Abstract
The importance of preventing failures in bearings has led to a large amount of research being conducted to find methods for fault diagnostics and prognostics. Many of these solutions, such as deep learning methods, require a significant amount of data to perform well. This is a reason why publicly available data are important, and there currently exist several open datasets that contain different conditions and faults. However, one challenge is that almost all of these data come from a laboratory setting, where conditions might differ from those found in an industrial environment where the methods are intended to be used. This also means that there may be characteristics of the industrial data that are important to take into account. Therefore, this study describes a completely new dataset for bearing faults from a pulp mill. The analysis of the data shows that the faults vary significantly in terms of fault development, rotation speed, and the amplitude of the vibration signal. It also suggests that methods built for this environment need to consider that no historical examples of faults in the target domain exist and that external events can occur that are not related to any condition of the bearing.
1. Introduction
The prevalence of bearings in different industrial applications and the anticipation of eventual failure [1] has led to a substantial amount of research being conducted that focuses on diagnostic and prognostic methods for bearing faults. These range from physics-based methods [2] to machine learning solutions. Recently, deep learning has become a valuable tool that can learn complex features in data from sources such as vibrations [3,4,5]. The latter includes methods based on manually extracted features [6] and raw vibration data [7]. In addition, for scenarios where labels are lacking, few-shot [8] and transfer learning methods are currently being studied [5,9,10]. Yet, these methods are highly dependent on data for training and testing. Currently, there exist different datasets that include high-quality data with a number of different fault scenarios, both artificially induced and naturally occurring. Despite this, the most significant issue with the currently available data is that few datasets contain data from a real industrial context. Given the lack of available data, it is unclear to what extent methods built in a laboratory environment work in an industrial environment [4,5]. In addition, there may be characteristics of the data in the industrial environment that are important to consider when building methods for bearing faults, which are currently unknown. Therefore, this study aims to describe a completely new bearing-fault dataset from an industrial environment.
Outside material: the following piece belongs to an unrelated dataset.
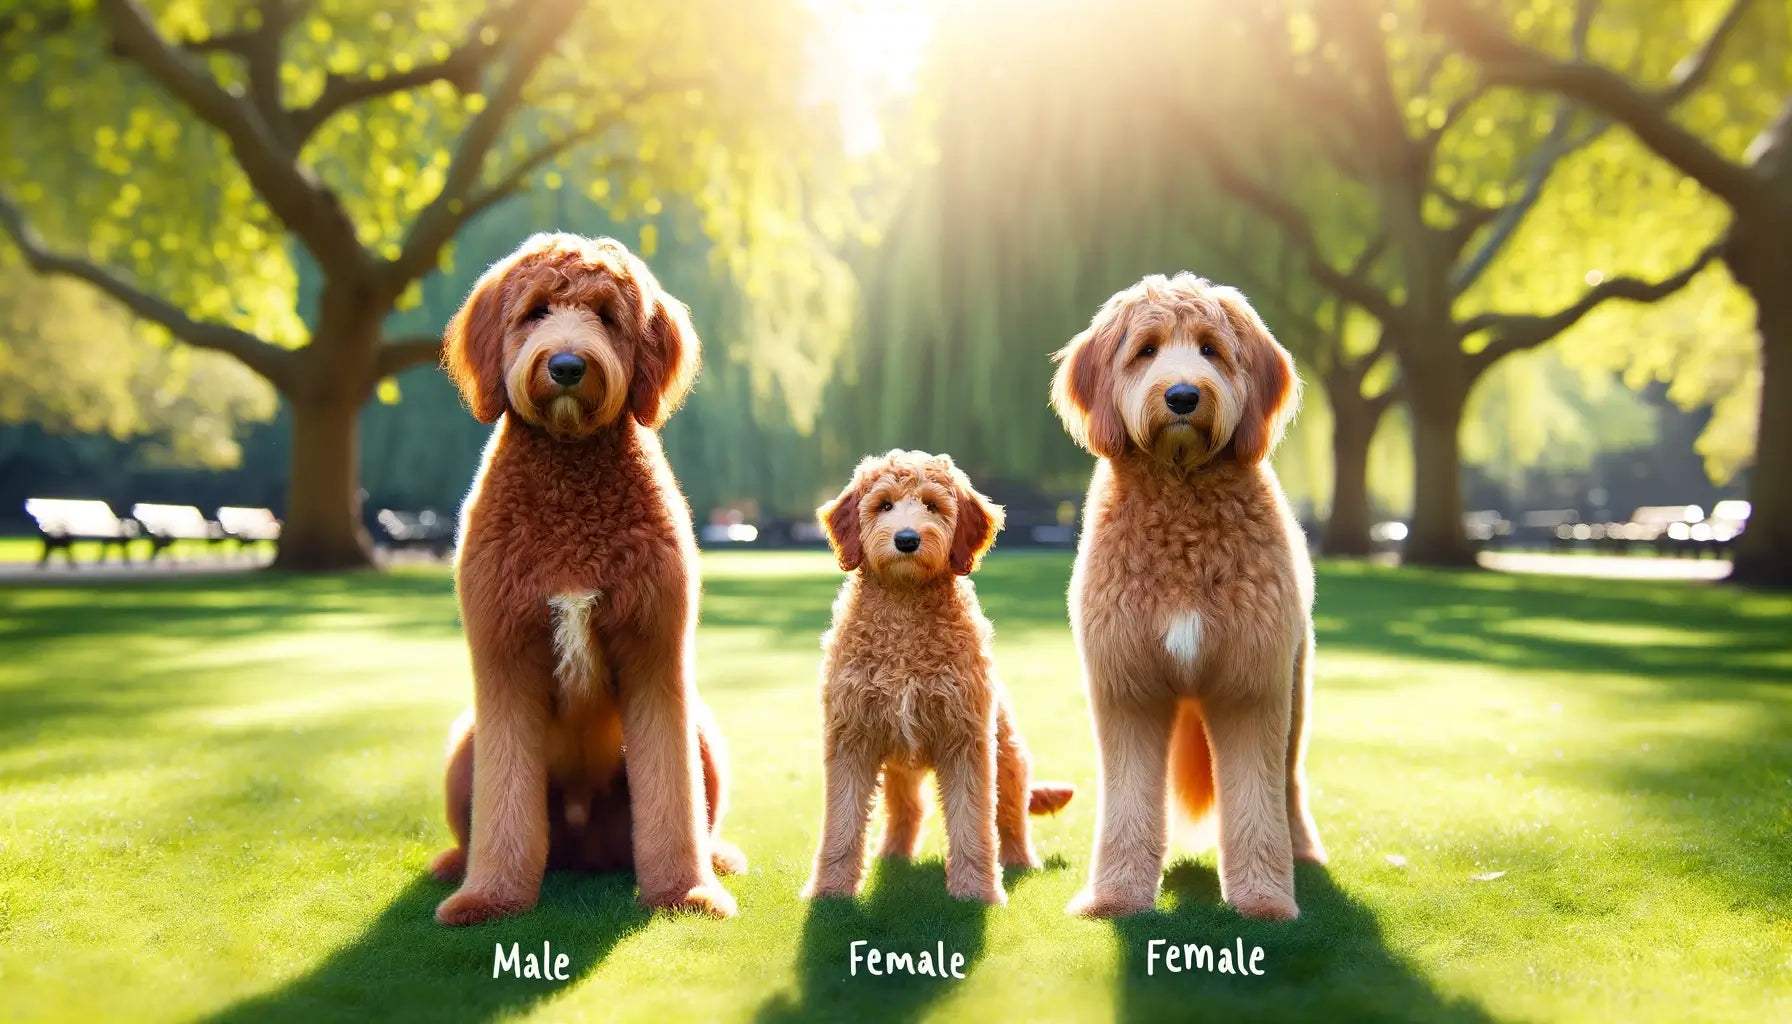 Red Goldendoodle male and female in a park.

To achieve this, this study presents 10 different cases of different bearing faults, including ball, inner, and outer faults, as well as 1 case where an external event affects the vibration signal.
2. Extended Background
Several datasets have been published containing bearing faults. This includes the IMS dataset [11], the Paderborn University (PU) dataset [12,13], the Case Western Reserve University (CWRU) dataset [14], the Pronostia dataset [15], the Society for Machinery Failure Prevention Technology (MFPT) dataset [16], the Southeast University (SEU) dataset [17,18], the HUST dataset [19,20], and the time-varying dataset from Ottawa University [21]. As can be seen in Table 1, these datasets contain faults that have either been artificially induced, such as the CWRU and HUST datasets, or are naturally occurring such as the PU dataset. In addition, there are differences in how the datasets have been constructed. The IMS and Paderborn datasets have a run-to-failure setup, where the dataset for a single bearing contains all the data for its lifespan, starting from normal behaviour to failure. This differs from, for example, the CWRU and HUST datasets, which only contain data on faults and normal behaviour. Furthermore, these datasets contain data on bearings with different sizes, loads, and speeds. Overall, they cover a variety of different scenarios for different types of applications.
Table 1.
Overview of public datasets.
As all of the above-mentioned datasets were created in a controlled laboratory environment, high-quality data can be obtained that are also easily verifiable and arguable, making them suitable for benchmark applications. This means, for example, that they provide data with a high sampling rate and also that the faults have been clearly documented. However, the major issue with only using laboratory-based data is that the data found in an industrial environment may be different [4,5]. In this scenario, methods that perform well on the currently available data may not perform well in reality. It is, therefore, of great importance to make industrial data available not only to characterise the data but also to enable the use of data from the environment in which the methods are intended to be used. To achieve this, this paper will describe a new dataset for bearing faults from an industrial environment.
3. Experiment
3.1. Setup
To identify different cases and describe key traits of real industrial data, historical cases of bearing faults at a pulp mill factory were evaluated. The evaluation was based on data between 2019 and the end of 2022, and cases including bearings that showed clear signs of faults were selected. This was verified by both (when available) analyses of the faulty bearing when changed and by manually analysing the data prior to the bearing being changed.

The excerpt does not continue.